Spices and Seasonings

  • Kosher salt, to taste
  • Black pepper, to taste
  • 1 teaspoon ground coriander
  • 1 teaspoon allspice

Instructions

  1. Get ready. Preheat your oven to 425°F (220°C). Brush a sheet pan with olive oil to prevent sticking and prepare for roasting the carrots.
  2. Roast the carrots. Arrange the peeled carrots on the prepared sheet pan. Lightly season with kosher salt and black pepper, then drizzle generously with extra virgin olive oil. Roast in the oven for 25 minutes, then flip the carrots to ensure even cooking, and continue roasting for about 20 minutes until the carrots are fork tender and caramelized.

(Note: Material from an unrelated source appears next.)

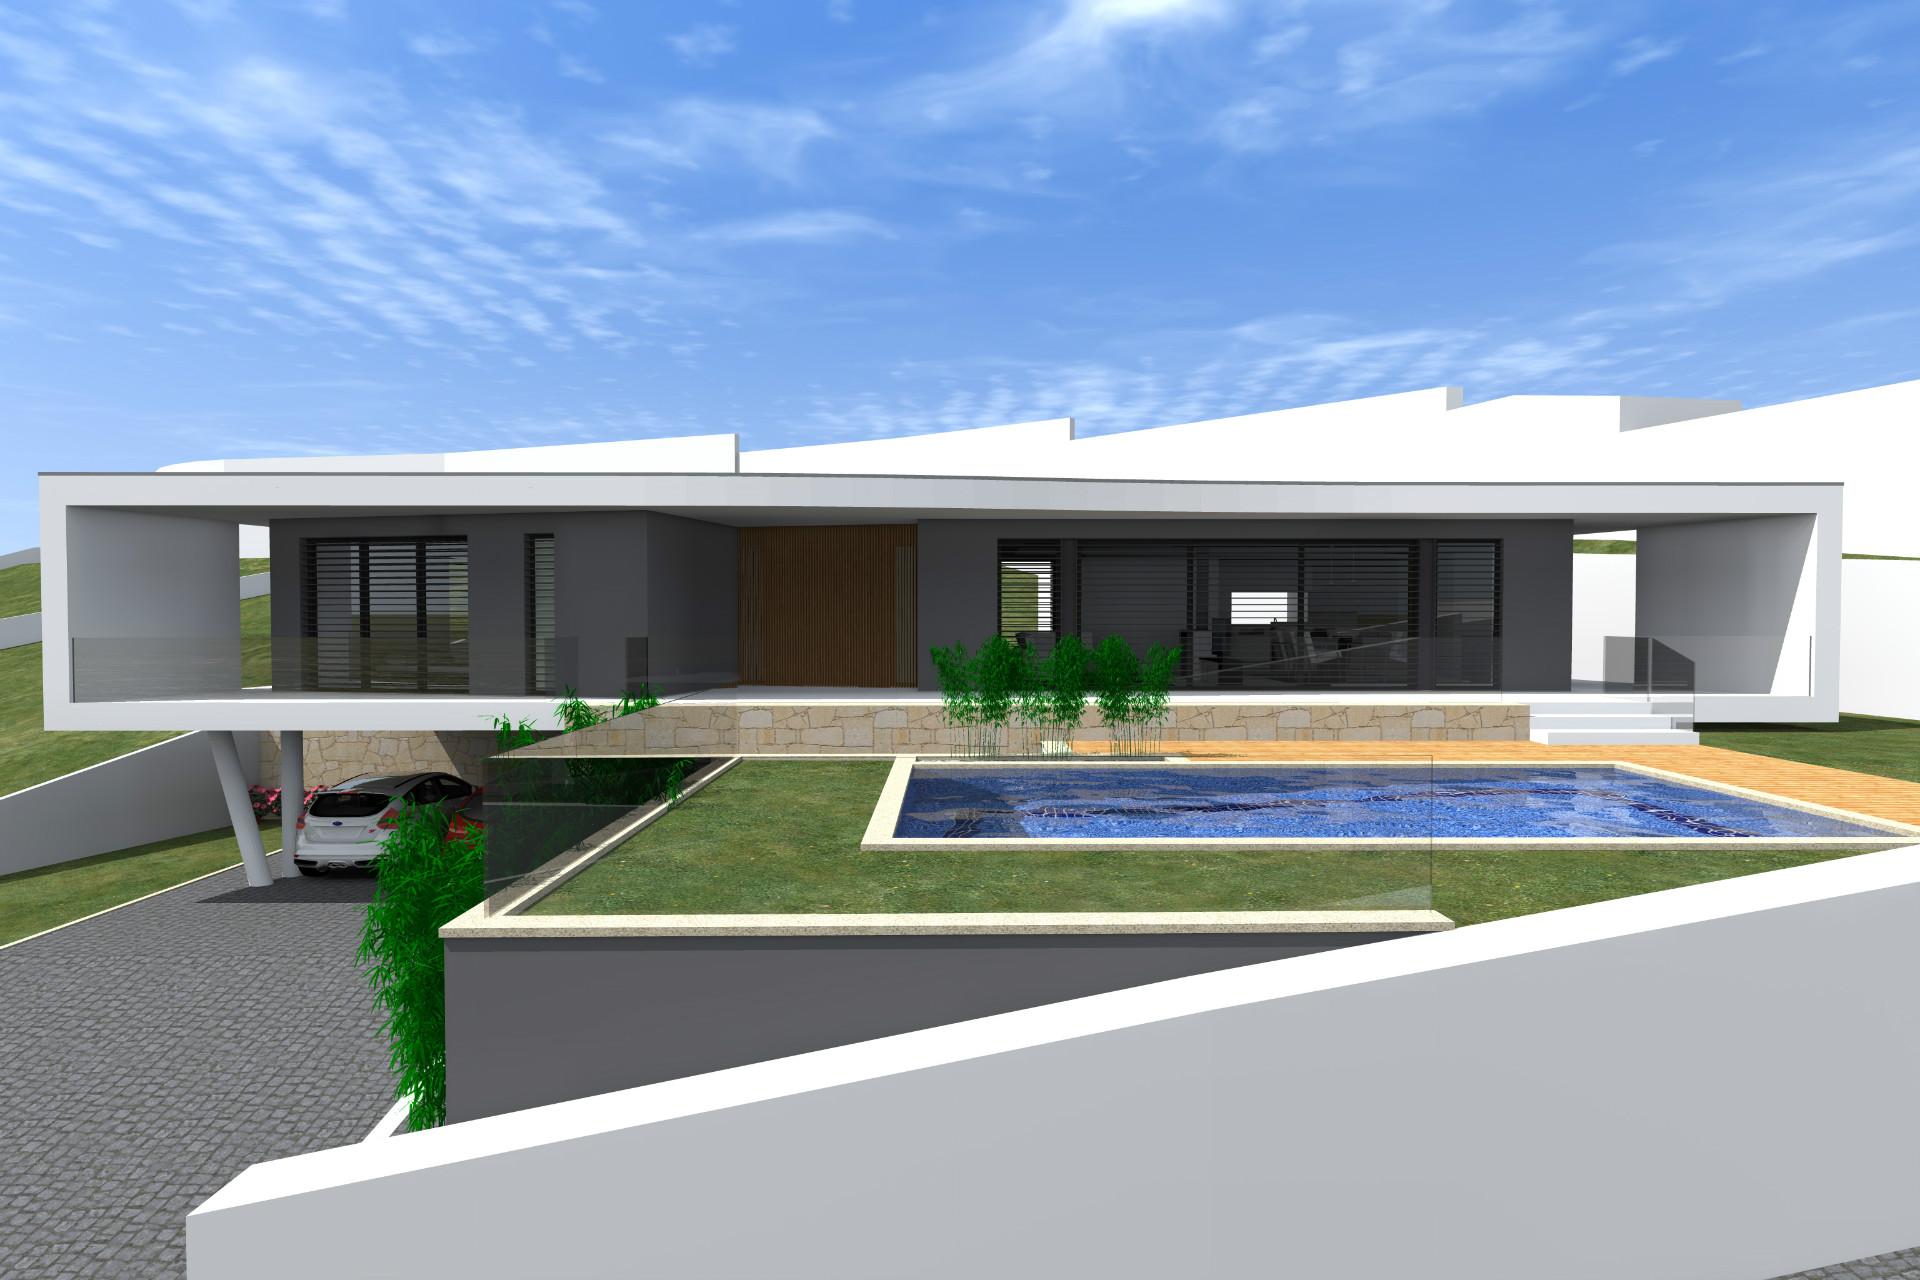 vila verde, centro, lote individual, panoramico, luxo

Remove from the oven and allow them to cool.
  3. Blend. Once the carrots have cooled enough to handle, cut them into chunks and place them in a large food processor or blender. Add the chopped garlic, grated fresh ginger, and 3 cups of the vegetable broth. Puree the ingredients until you achieve a smooth consistency.
  4. Simmer. Transfer the carrot puree into a heavy-bottomed cooking pot. Add the remaining 2 cups of vegetable broth along with the ground coriander and allspice. Place the pot over medium heat and let the soup gently simmer, stirring occasionally. Allow it to cook until it reduces slightly, which will take about 10 to 15 minutes.
  5. Add the milk. Reduce the heat to medium-low and stir in the whole milk. Heat the soup through but do not boil after adding the milk to avoid curdling. Once warm, remove the pot from the heat.
  6. Serve. Ladle the soup into serving bowls. Garnish with fresh mint leaves if desired to add a refreshing note. Enjoy your comforting carrot ginger soup!

Notes

  • Roasting the carrots deeply caramelizes their natural sugars, intensifying the soup’s sweetness and flavor.
  • You can substitute whole milk with coconut milk or a plant-based milk for a dairy-free version.
  • If you prefer a thinner soup, add more vegetable broth until the desired consistency is reached.
  • Use a high-powered blender for the smoothest texture.
  • The soup can be stored in the refrigerator for up to 3 days or frozen for up to 1 month.